Employer, Medicare Provisions of House Health Care Reform Detailed in New CCH Briefing
(RIVERWOODS, ILL., November 13, 2009) – CCH has issued a special Briefing on the employer and Medicare- and Medicaid-related provisions in the House version of health care reform, detailing provisions of the legislation approved on November 7. To access the new Briefing, visit http://hr.cch.com/pdf/SpecialReport_HealthcareReform_11-09.pdf.
The Affordable Health Care for America Act made its way through the House of Representatives with significant changes to the way employers provide health benefits to their employees and major changes for Medicare and Medicaid intact, according to CCH, a part of Wolters Kluwer Law & Business and a leading provider of information and solutions for health care, legal and human resources professionals (hr.cch.com).
The House passed the bill by a vote of 220 to 215. The Senate has yet to vote on health care reform, but if a bill does pass in the Senate, a Conference Committee will be necessary to reconcile differences between House and Senate versions.
Under the House bill, employers with annual payrolls over $750,000 would be required to offer minimum coverage, and contribute at least 72.5 percent of premium costs for individuals and 65 percent of premium costs for families, or else have to pay an additional payroll tax of up to 6 percent of employees’ average salary.

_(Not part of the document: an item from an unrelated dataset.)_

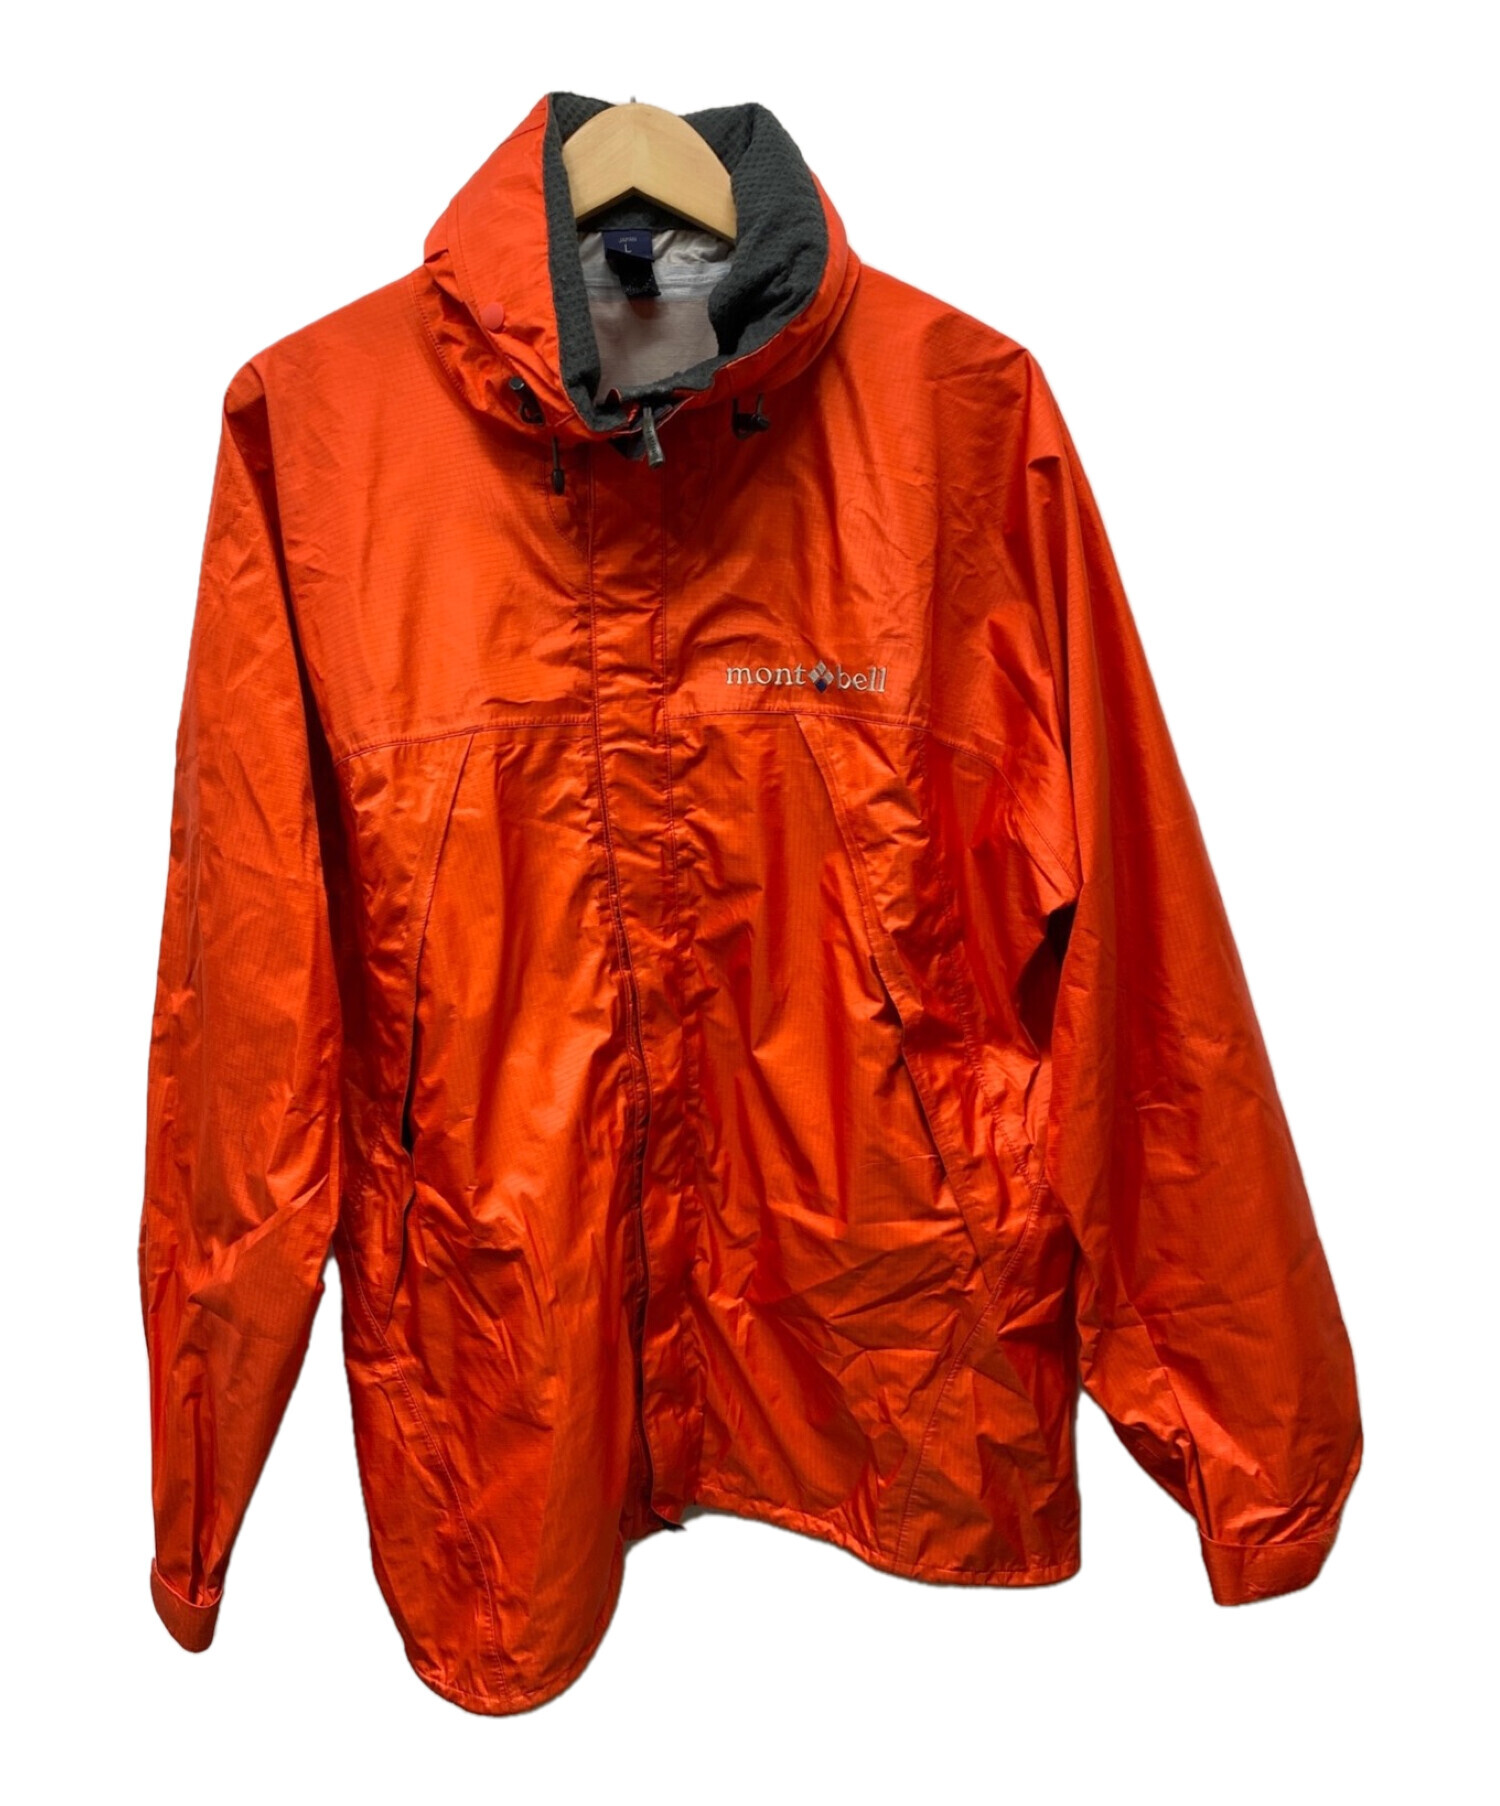 mont-bell (モンベル) ストームクルーザージャケット オレンジ サイズ:M

Employers with annual payrolls under $500,000 would be exempt from the additional tax; those with payrolls between $500,000 and $750,000 would pay a graduated amount. Very small employers would be eligible for a tax credit for offering coverage.
Although a final Senate bill has yet to be merged from versions passed by different committees, it too will have some sort of employer requirement, some sort of financial penalty for employers not offering coverage and some sort of relief and tax credits for small employers.
“If health care reform passes, it seems certain that all but the smallest employers will be assessed some sort of tax or penalty if they do not offer coverage to their employees,” said Stephen Huth, managing editor of Spencer’s Benefits Reports by Wolters Kluwer Law & Business. Huth is a regular contributor to the blog Health Reform Talk. He tracks the employer-provided health coverage business on a daily basis and regularly answers questions on health benefits issues.
Employers currently offering coverage to their employees would see little change, at least for the first five years of the new rules under health care reform. After that, though, their plans would have to meet the same basic standards as the minimum plans offered in the new Health Insurance Exchange that would be established.
Employers might also see measures aimed at increased taxes for their highest paid employees and limitations on health savings accounts, reimbursement of health expenses under flexible spending arrangements and health reimbursement accounts.
The House bill would prohibit taxpayers from using health flexible spending arrangement (FSA) dollars to pay for over-the-counter medications (unless prescribed by a health professional) and also cap annual contributions to a health FSA offered under an employer-sponsored cafeteria plan at $2,500, indexed for inflation.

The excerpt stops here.